The Rapid Method of Estimating Antioxidant Activity and Total Polyphenols Content of Sample Plant Extracts

Estimation of total polyphenols content

Figure1. The appearance of bluish-black colour after the addition of reagents on sample plant extracts during the estimation of total polyphenols content. 

We estimated total polyphenol content by a standard protocol (Singleton et al. 1999 and Stankovic 2011) with slight modification. Briefly, we separately mixed each plant extract (0.5 ml; 1 mg/ml)  with the Folin-Ciocalteu phenol reagent (2.5 ml; 10%) and aqueous sodium bicarbonate solution (2.5 ml; 7.5%).

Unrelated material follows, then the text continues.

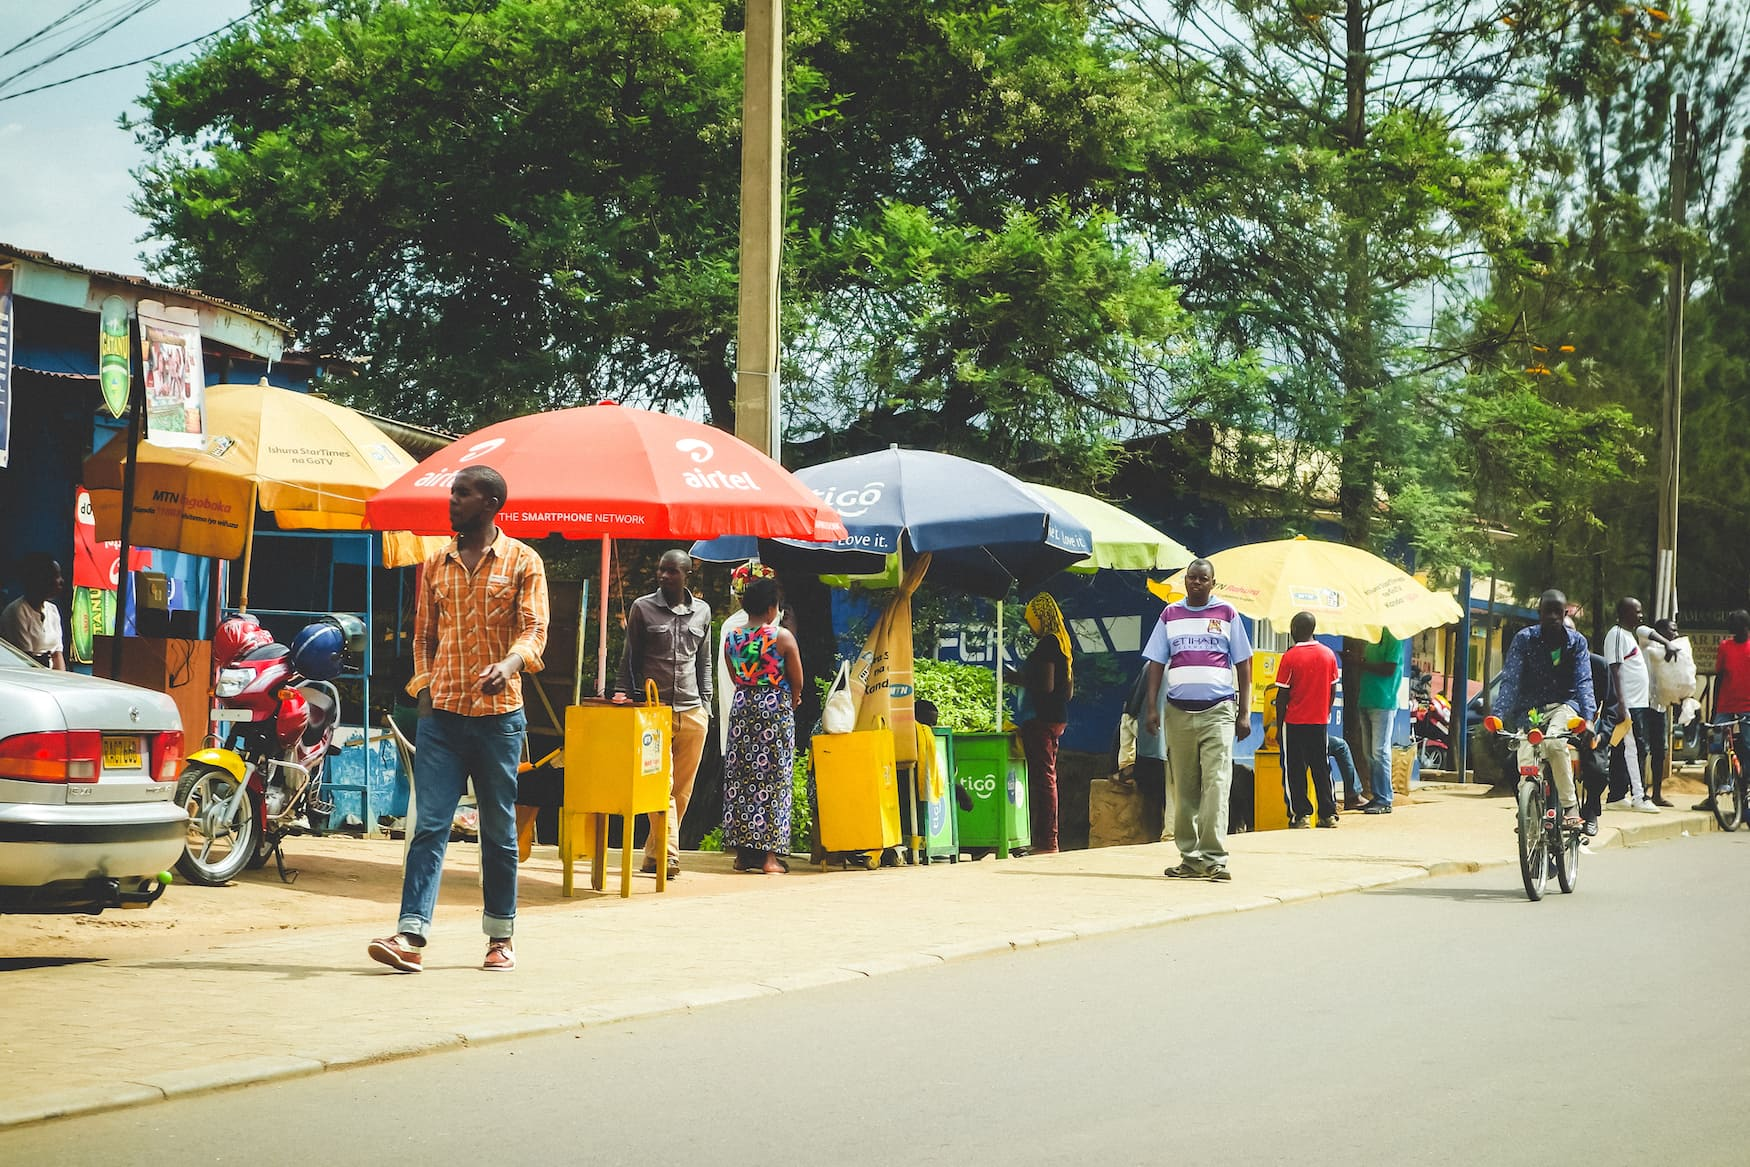 Locals auf Markt in Kigali, Ruanda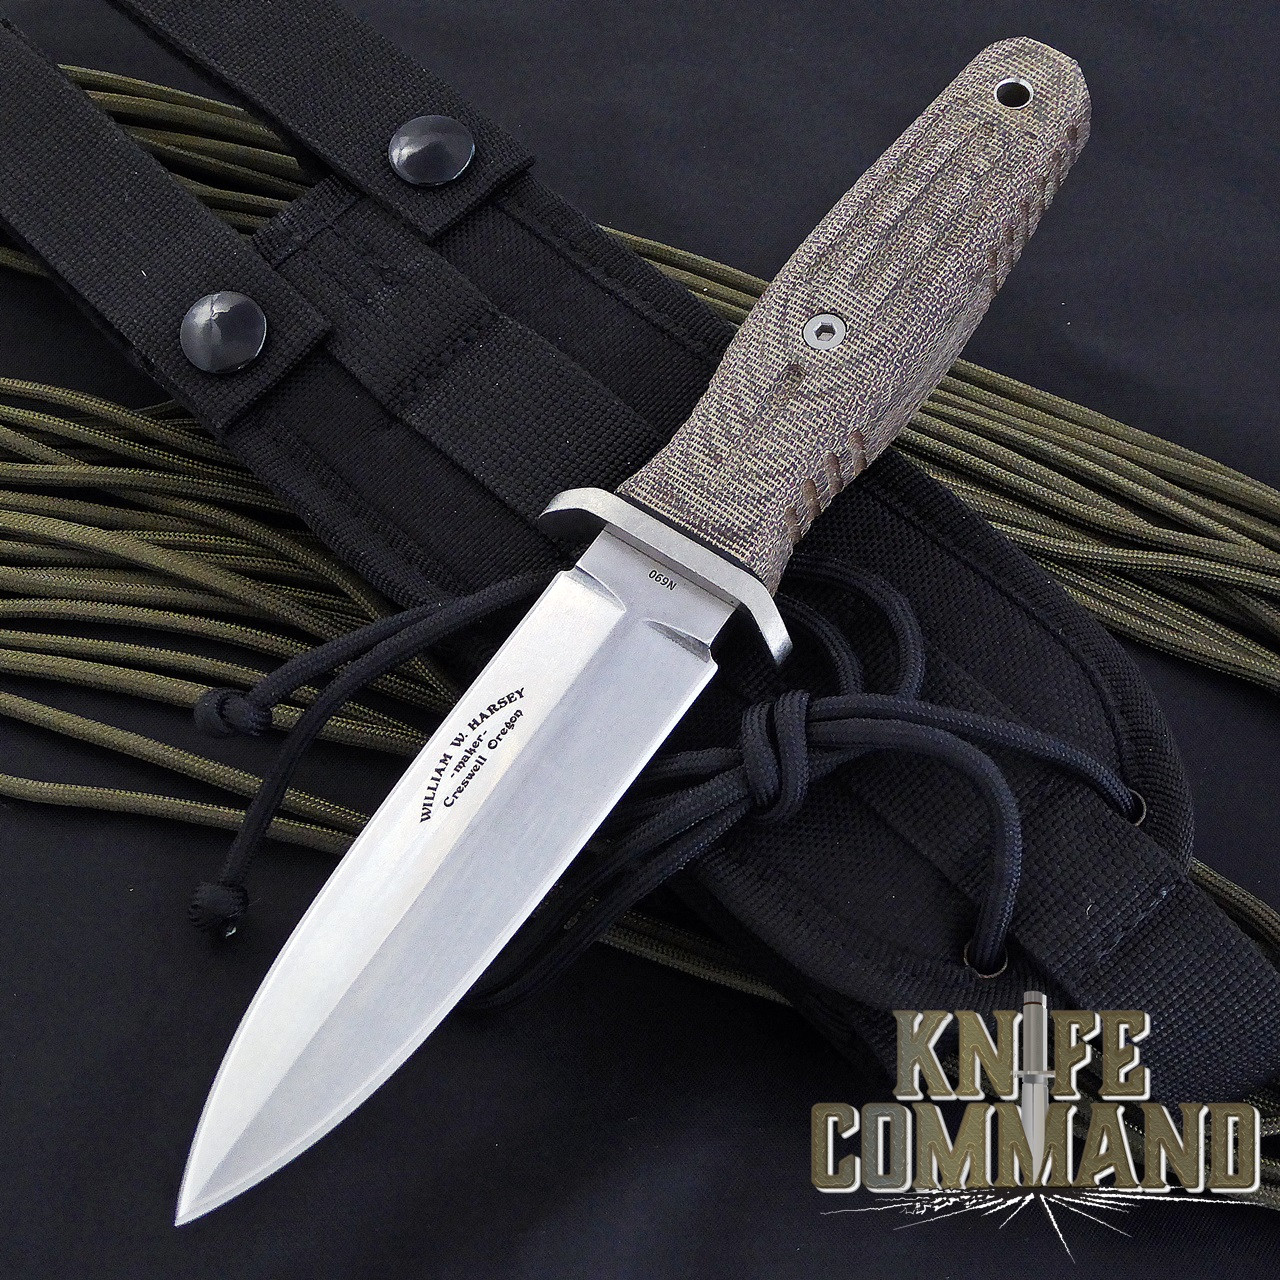 Boker Applegate-Fairbairn A-F 4.5 Harsey Combat Knife 120644.  Green micarta and stonewash blade.

Then, the reaction mixture was allowed to stand for about 45 minutes and the absorbance was measured at 765 nm using the UV- spectrophotometer (Thermo Fisher Scientific, Genesystem-10.5).The calibration curve was plotted using gallic acid as standard in ethanol (absolute) using the concentration series of 25, 50, 75, and 100 µg/ml. Here, the reagent mixture with the same volume of ethanol instead of plant extract solution was used as a blank. On the basis of this calibration curve, the concentration of the individual samples was calculated. The total polyphenol content was expressed in terms of the milligrams of the gallic acid equivalent per gram of the dry mass (mg GAE/ g). The test was done in triplicates. 

Figure 2. The flow-chart for the estimation of total polyphenols content. 

Estimation of antioxidant activity

We performed the antioxidant activity of orchid extracts by following standard protocol according to Zhao et al. (2006) with slight modification. Briefly, we made a series of the solution with concentration 50 µg,  100 µg, 200 µg, 400 µg, 800 µg/ml for each plant extracts. Then, the  sample solution was made by mixing plant extract solution (1.5 ml of each concentration of a series) and DPPH free radical solution (1.5 ml; 0.25 mM in ethanol); blank solution by plant extract solution (1.5 ml of each concentration) and absolute ethanol (1.5 ml); control solution by DPPH free radical solution (1.5 ml; 0.25 mM) and absolute ethanol (1.5 ml). The quercetin was taken as a reference compound. The solutions of reference compound were made as it was done in case of plant extract solution. These solutions were vigorously shaken and allowed to stand for 30 minutes under dark immediately after preparation. Then, the absorbance of each solution was taken at 517 nm using UV- visible spectrophotometer. The experiment was done in triplicate.

Finally, we  applied the following equation to calculate scavenging activity of plant extracts and reference compound:

Scavenging rate = [1-(A₁-A₂)/A₀] ×100 %

Here, A₀ = Absorbance of control solution; A₁ = Absorbance in sample solution (i.e., in presence of plant extract); A₂ = Absorbance of blank solution (i.e., without DPPH). Finally, the IC₅₀ value of each plant extract was determined by nonlinear regression equation of plot of percentage antioxidant activity (AA %) against concentration.

Figure 3. Flow-chart for the estimation of antioxidant activity (DPPH radical scavenging activity) by sample plant extracts.